**DATA EXCERPT**
- Opening Delimiter -

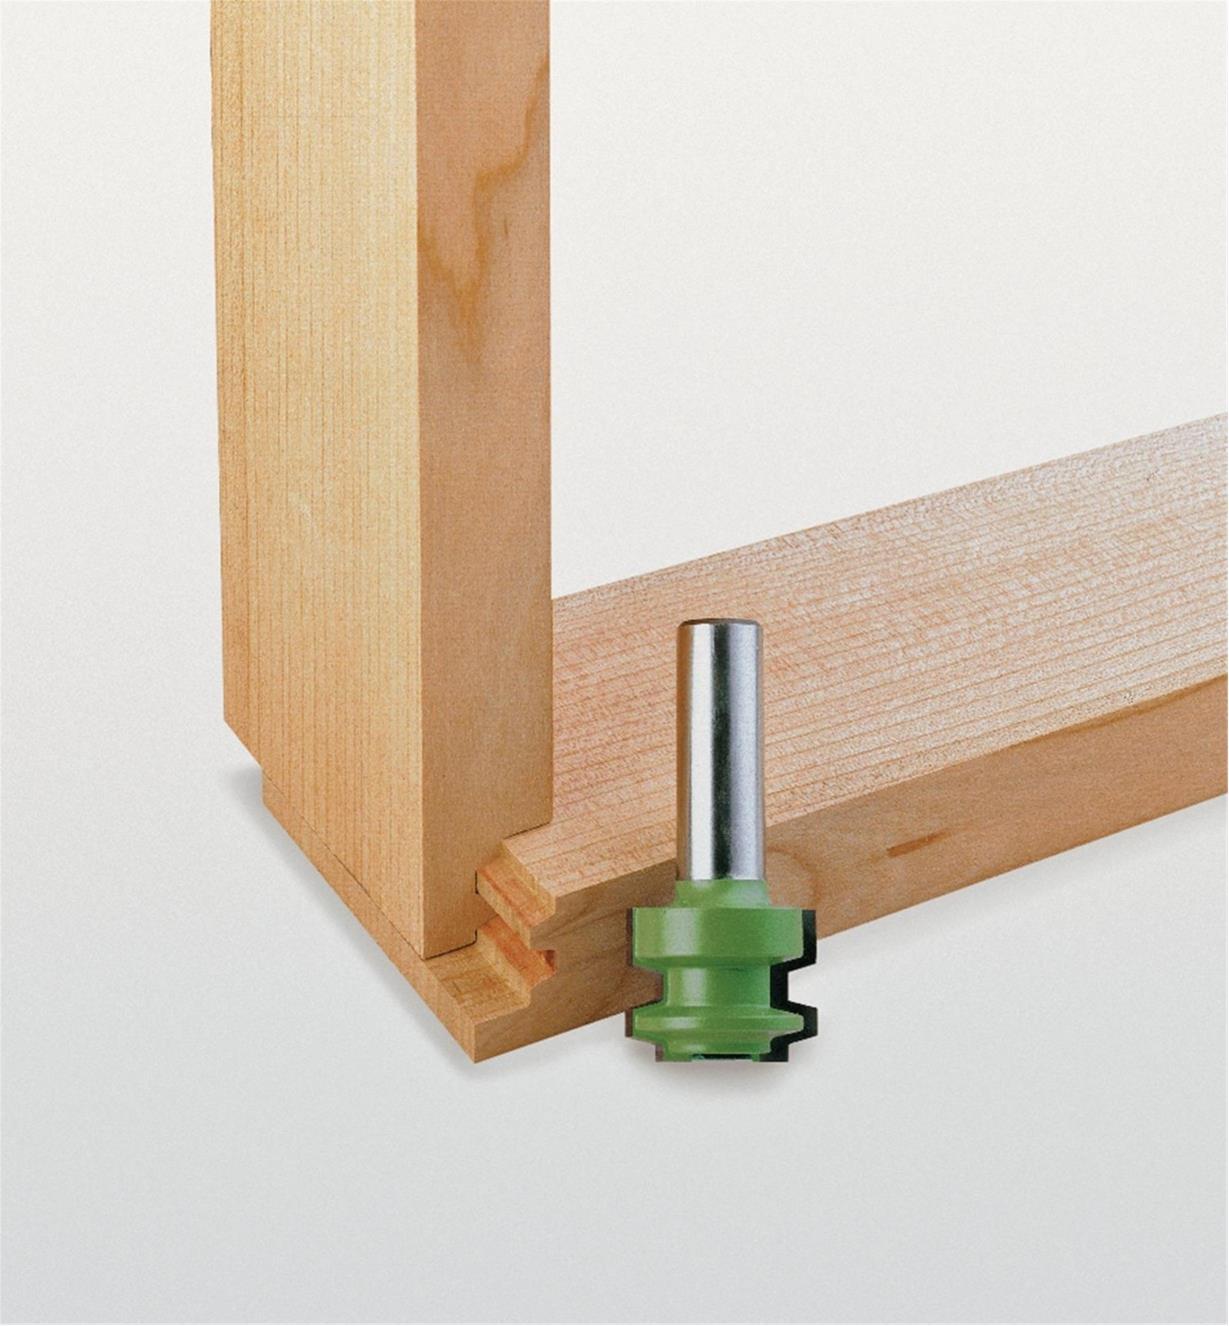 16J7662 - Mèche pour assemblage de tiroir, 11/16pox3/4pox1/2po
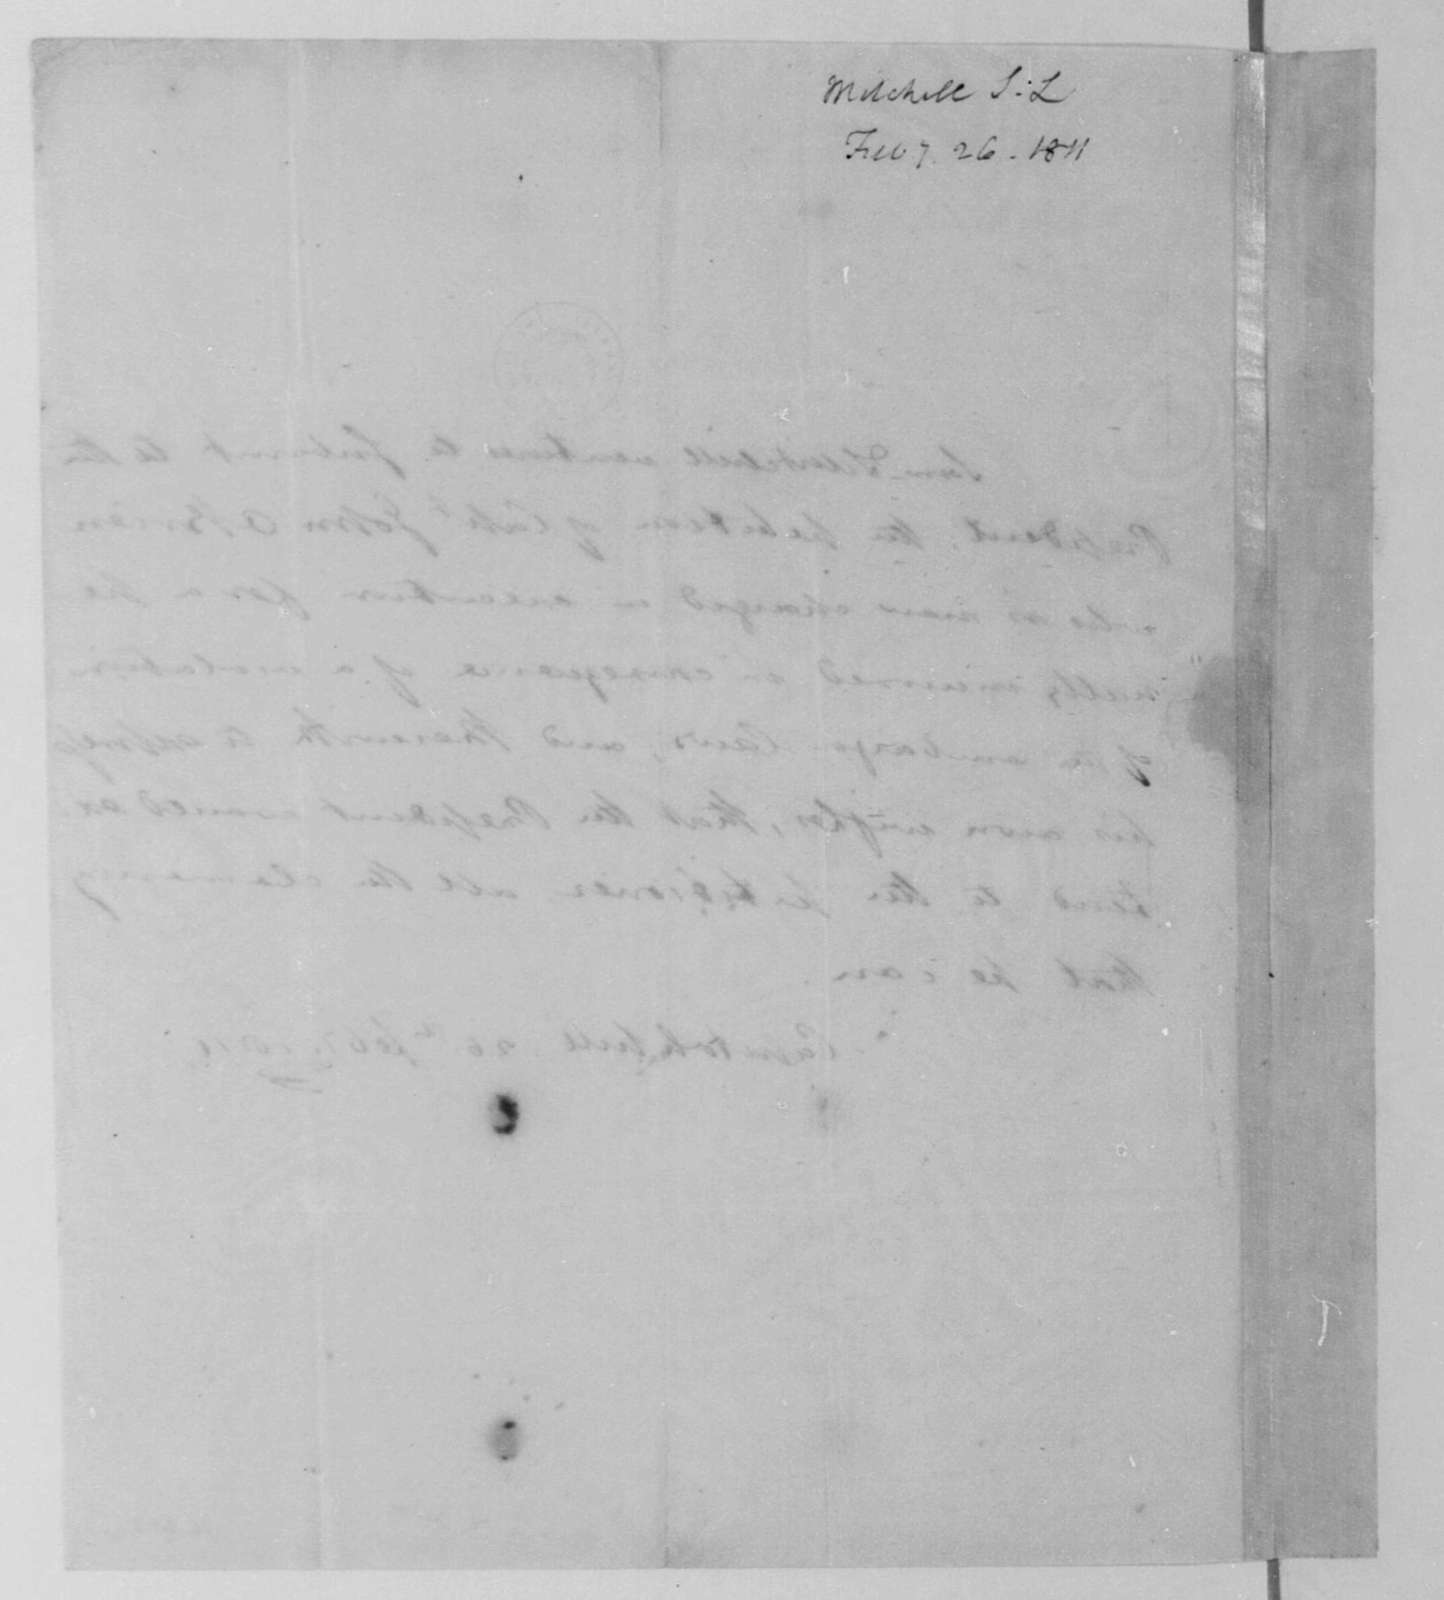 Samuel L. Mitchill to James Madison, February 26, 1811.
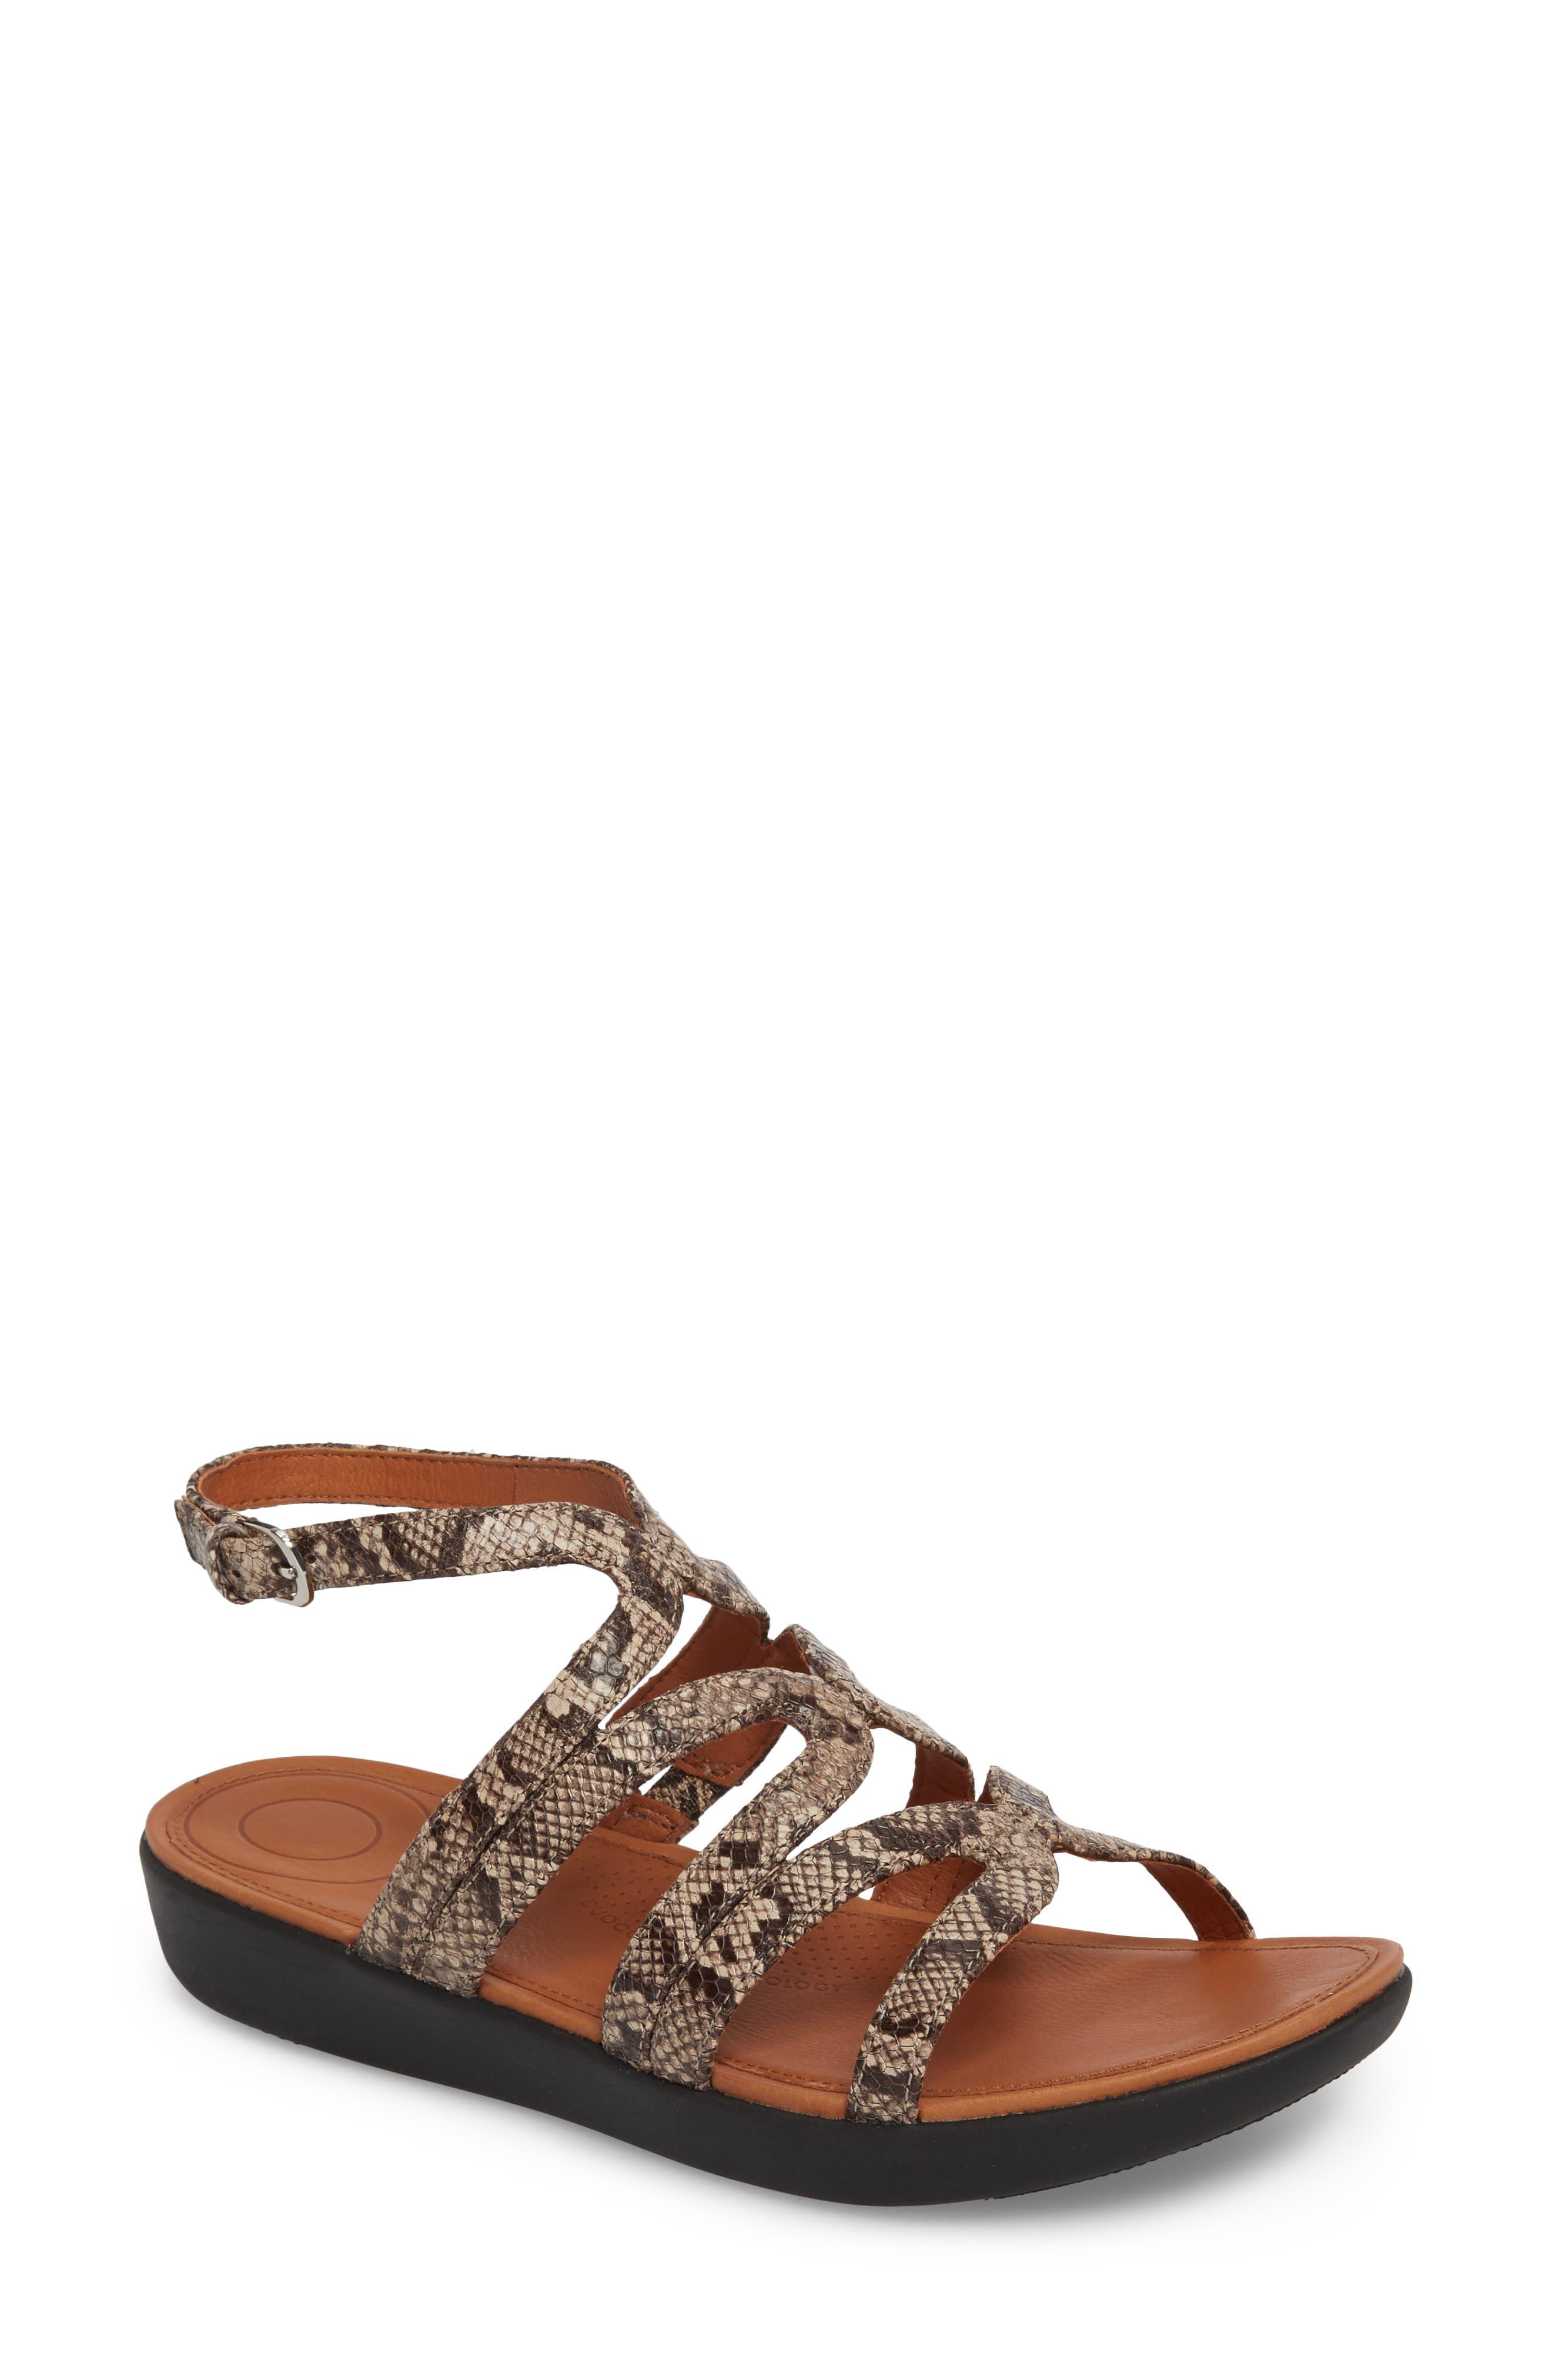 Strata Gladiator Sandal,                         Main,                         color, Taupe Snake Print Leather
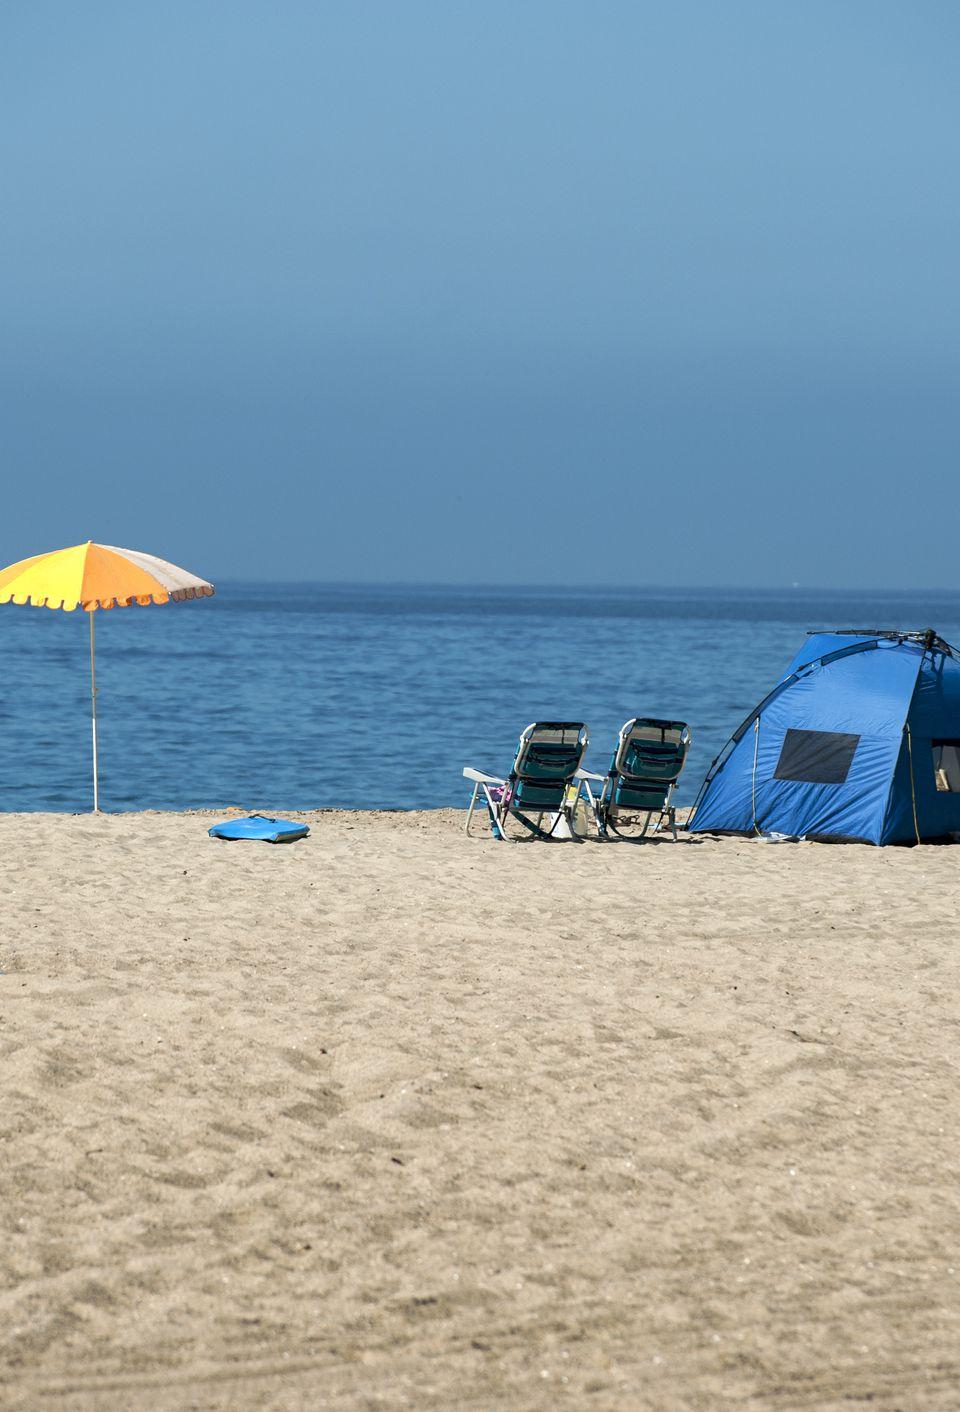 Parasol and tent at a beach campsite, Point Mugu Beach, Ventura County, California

- Closing Delimiter -

**EXERCISE GOAL**
Your copy must begin at the line containing "Samuel L. Mitchill" and end at the last line of the material above. Reproduce each line exactly, but not the pictures.

**OUTPUT FOR THIS EXERCISE**
 Samuel L. Mitchill to James Madison, February 26, 1811.
 Strata Gladiator Sandal,                         Main,                         color, Taupe Snake Print Leather
 Parasol and tent at a beach campsite, Point Mugu Beach, Ventura County, California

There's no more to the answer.